Most B2B companies have messaging. Very few have a position.
This distinction sounds like semantics until you watch it play out in a sales cycle. The company with messaging can tell you what they do. The company with a position can tell you why it matters, who it's for, and why them — in a way the buyer can actually hold onto after the call ends.
That last part is where most companies lose.
What messaging does.
Messaging is the language layer. It's the words on your website, the deck copy, the elevator pitch your sales team has been coached to deliver. Good messaging is clear, consistent, and on-brand. Done well, it's genuinely useful.
But messaging describes. It doesn't differentiate.
When every competitor in your category uses the same three words — innovative, scalable, trusted — messaging alone doesn't create preference. It creates noise that sounds like everyone else's noise. Buyers tune it out because they've learned to.
This isn't a failure of craft. It's a failure of foundation.
What positioning does.
Positioning answers a different set of questions. Not what do we do? but why does that matter to this specific buyer, in this specific moment, given what else they could do instead?
Positioning is a strategic choice about where you compete, who you're for, and what you're willing to not be. It's the decision underneath the messaging — the thing that tells you what to say, what to leave out, and what to stand behind when a prospect pushes back.
A company with a real position doesn't just have an answer to why you? They have an answer that lands differently than everyone else's answer. It's specific. It's defensible. And it doesn't require three follow-up meetings to explain.
Messaging describes. Positioning differentiates. Most B2B companies have invested in the former without doing the work of the latter.
Why most companies skip it.
Positioning is harder than messaging. It requires saying no — to certain buyers, certain use cases, certain claims you could technically make but shouldn't. It requires a point of view that someone might disagree with. It requires the organization to align around a story before that story goes external.
Most companies avoid this work because it feels risky. What if we're wrong? What if we leave buyers out?
The real risk is the opposite. Broad positioning doesn't protect you from losing deals — it guarantees you'll be evaluated purely on price and familiarity. When you're impossible to distinguish, the buyer defaults to whoever they've heard of longest or whoever bids lowest.
That's not a market position. That's a commodity trap.
The test.
Here's a quick way to know which side of this line you're on.

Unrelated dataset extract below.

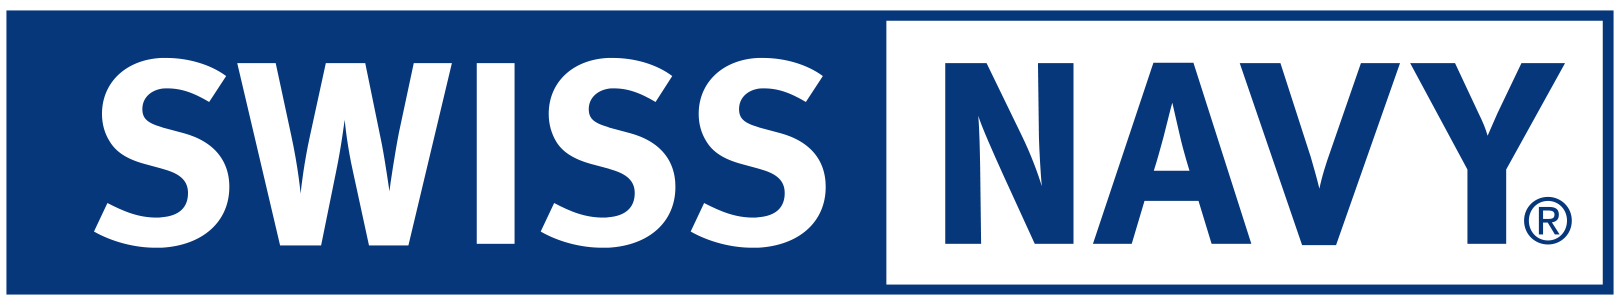 Swiss Navy Brand Logo

Ask five people on your leadership team — separately — to answer this question in one sentence: Who is this company for, and what do we do better than anyone else for that person?
If you get five different answers, you don't have a position. You have five people doing their best with incomplete information.
If you get one answer, but it sounds like it could belong to any of your competitors, you have messaging without a position.
The goal is one answer that's both true and unmistakably yours — the kind that makes the right buyer feel seen and makes the wrong buyer self-select out.
What it takes to get there.
Positioning isn't a copywriting exercise. You can't fix it by hiring a better writer or redesigning the website. Those investments compound when the foundation is right. When it's not, they just dress up the confusion.
Getting to a real position requires going upstream: clarifying who the best buyer actually is, articulating what they're struggling with before they find you, and naming the thing you do that no one else does quite the same way.
Then — and only then — does messaging become powerful. Because now the words are backed by something real. They carry the weight of a decision, not just the hope of differentiation.
That's the difference between a company that sounds good and a company that sticks.